Infant deaths were common at the time. Both Peter Williams were grandsons of my 3 x great grandparents William Taylor CLARK (1795-1869) and Ann CLARK (nee OSBOURN) (c1787-1877).

In total William and Ann had fourteen grandchildren, four of whom died in infancy. The other two children who died were Jeremiah William CLARK who died in 1847 at the age of twenty-two months having suffered from pneumonia for eight days, and William Thomas Taylor CLARK who died in 1856 at the age of four from acute hydrocephalous.

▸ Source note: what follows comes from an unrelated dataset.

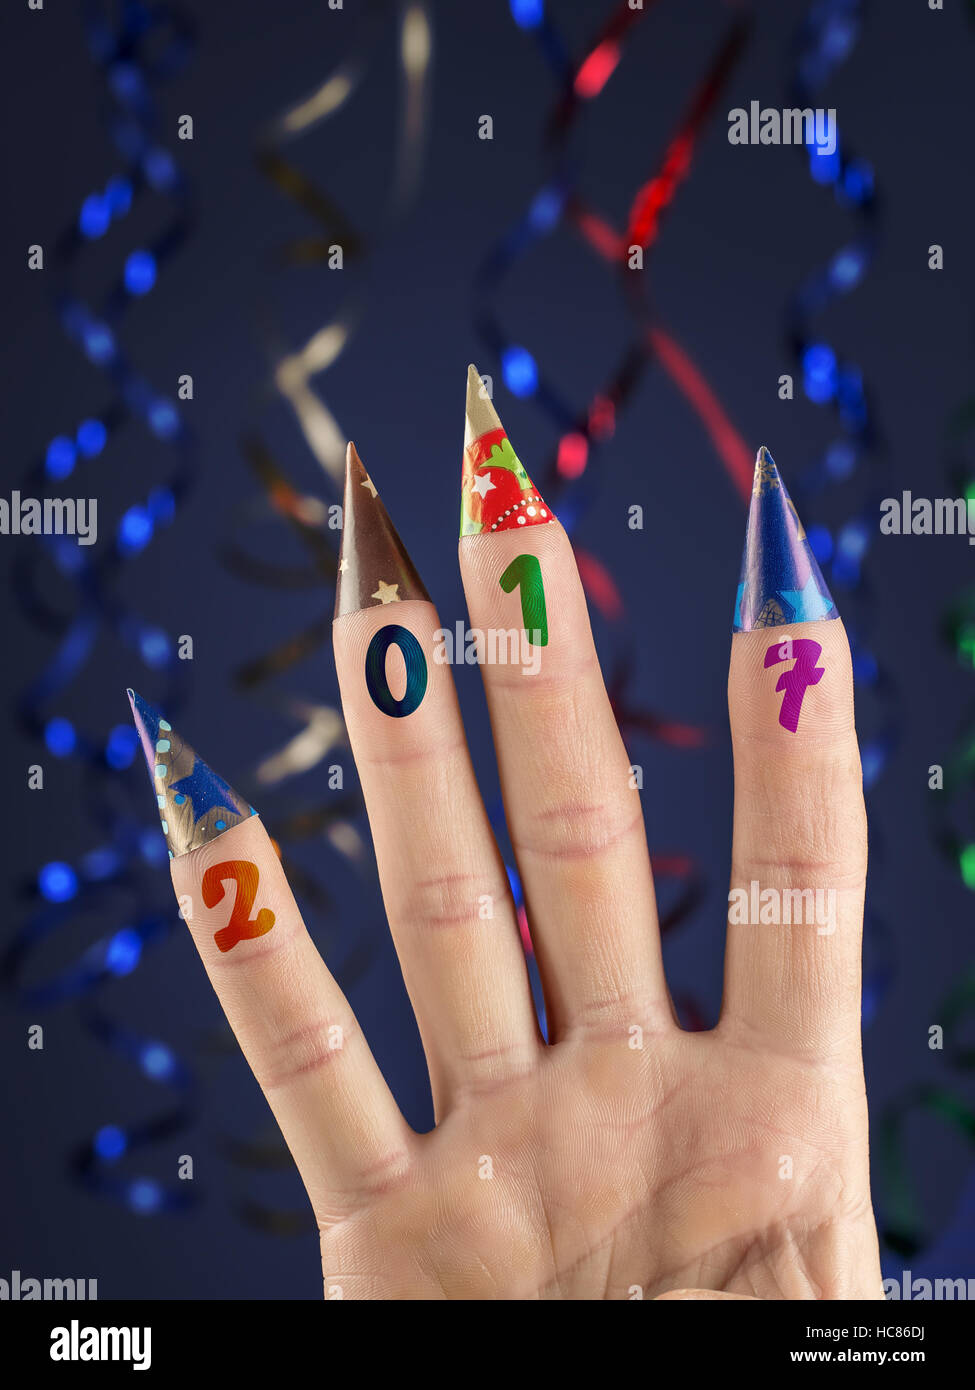 Quattro dita con impresso il 2017 data decorate con coni di carta su sfondo blu scuro con stelle filanti Foto Stock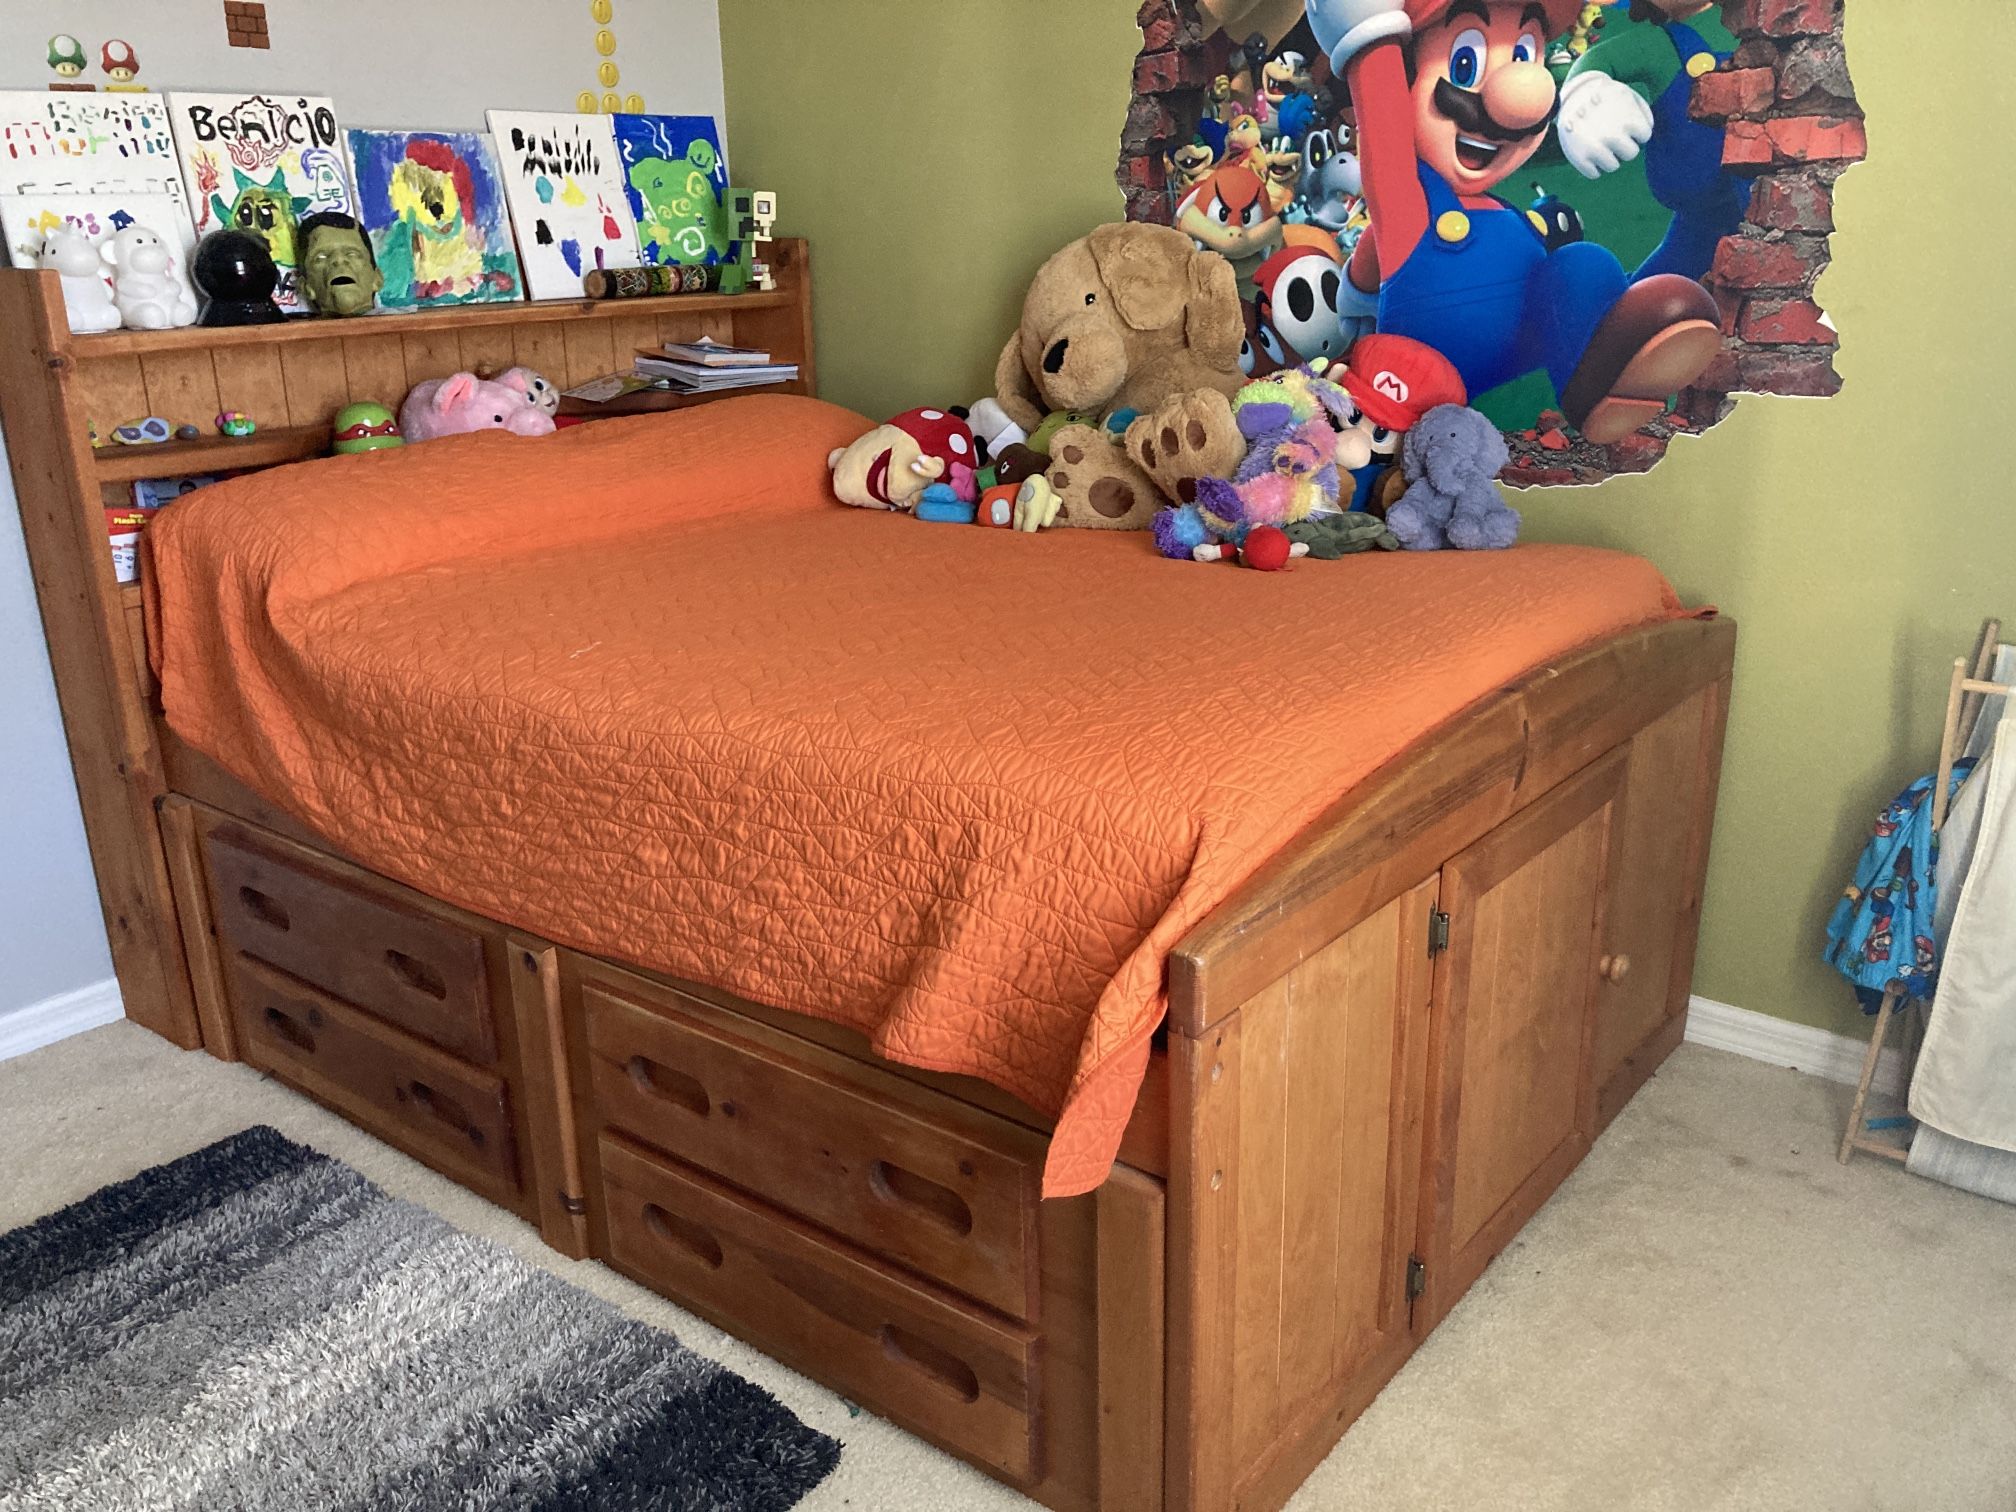 Full size wood bed w/ bookshelf headboard and 4 drawers

The other ten grandchildren all survived to adulthood. So it transpires that my 3 x great grandfather had fourteen grandchildren, only four of whom had William as one of their names, and those four were the four who died. Odd. How unlikely was this? Well that depends critically on the question you’re actually asking … but if we take it as a given that William Taylor CLARK did have fourteen grandchildren and that exactly four of them were going to die, then the chances it would be a given four are 4/14 x 3/13 x 2/12 x 1/11 = 0.1% or one in a thousand.

But then again the likelihood of last week’s lottery numbers coming up were 6/49 x 5/48 x 4/47 x 3/46 x 2/45 x 1/44 = around one in fourteen million … but they still came up!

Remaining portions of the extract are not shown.